Analysts recognize that the seesawing market frustrates investors who believe in the long-term earnings potential of the companies in their portfolios. These investors view recent declines as a temporary blip and have faith in the fundamentals. Experts urge investors to hold fast, take comfort in the dividends they receive, to look beyond the stock market’s knee-jerk reactions, and to remember that the Dow is not always a good barometer of the overall health of the market. They urge investors to bear in mind that the individual performance of one or two major players can skew the overall performance of the Dow Jones Industrial Average (DJIA). Last year, Merck acted as a brake, and this year, General Motors and AIG’s woes are dragging the Dow down. This being said, the bulls note - that after the pullback in the S&P 500 index - that the S&P is trading at only 16 times 2005 earnings.
The Big Picture
Other experts point out that various hedge funds can be the catalyst for abrupt spikes in stock prices. With the huge amounts of financial resources available to them, these funds are able to create a stampede if they shed or acquire equities in response to quarterly earnings’ warnings or other corporate news.

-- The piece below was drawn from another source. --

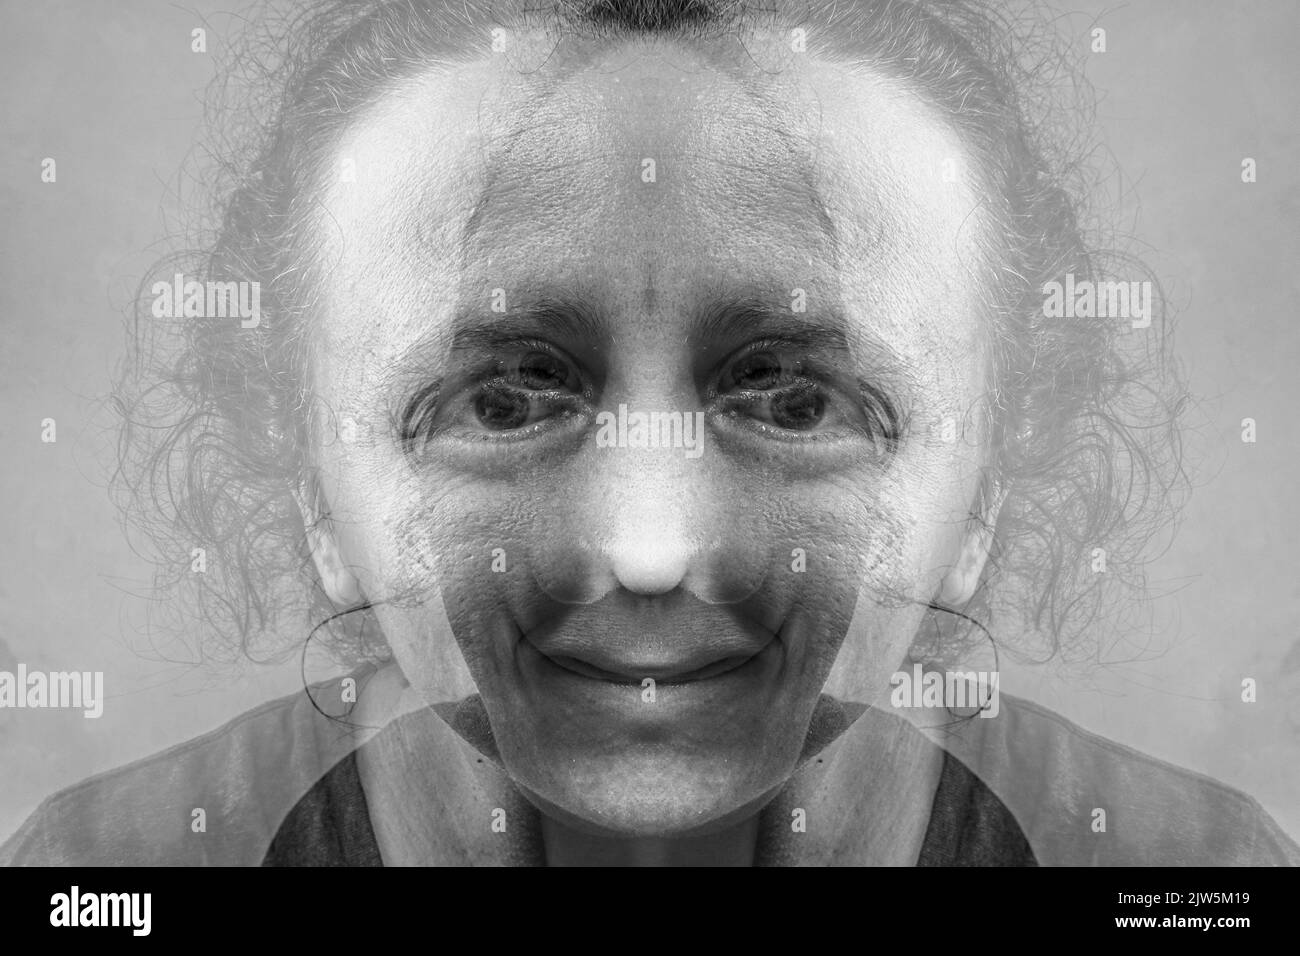 Schwarz weiße Frau Gesicht Persönlichkeitsstörung, Schizophrenie bipolar. Stockfoto
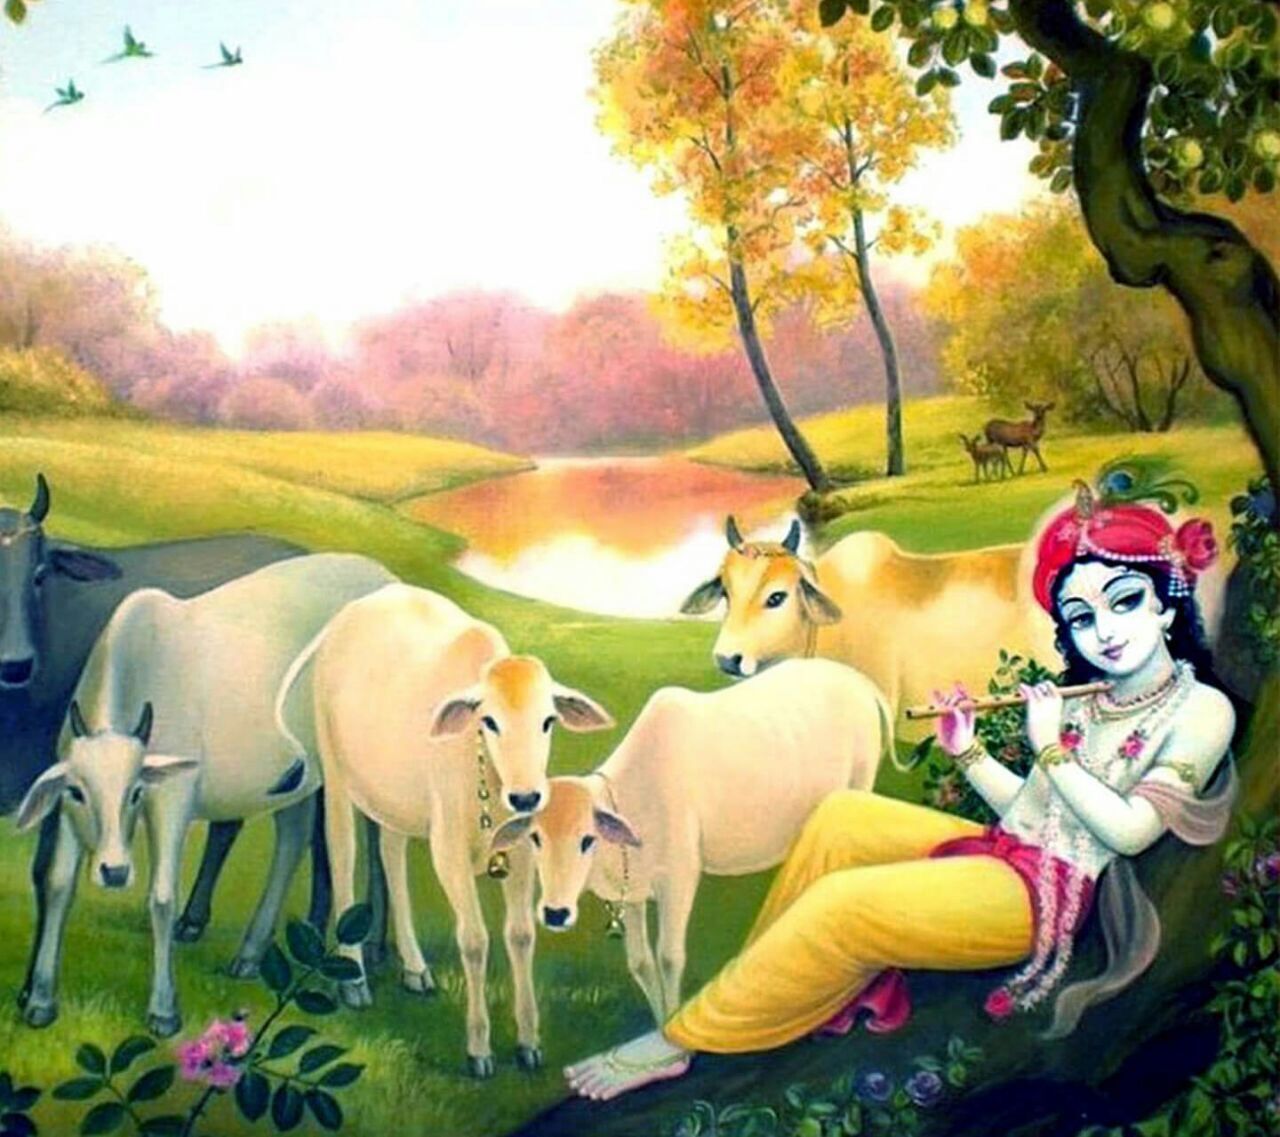 Murali manohara. Krishna flute, Krishna radha painting, Lord krishna

Which sectors do the optimists favor? Opinions vary, as always, and some believe health care stocks are poised for profit, citing the huge sell off of industry stalwarts like Pfizer and Johnson & Johnson; others favor financial stocks, especially corporations with wide ranging services and a good track record in risk management. Most believe that the path will be choppy but that patience will pay off.
Whatever their predilections, Wall Street gurus urge investors to ignore gyrations created by short-term news and look at the big picture - both in terms of how they allocate their assets, and in the equities they choose to buy.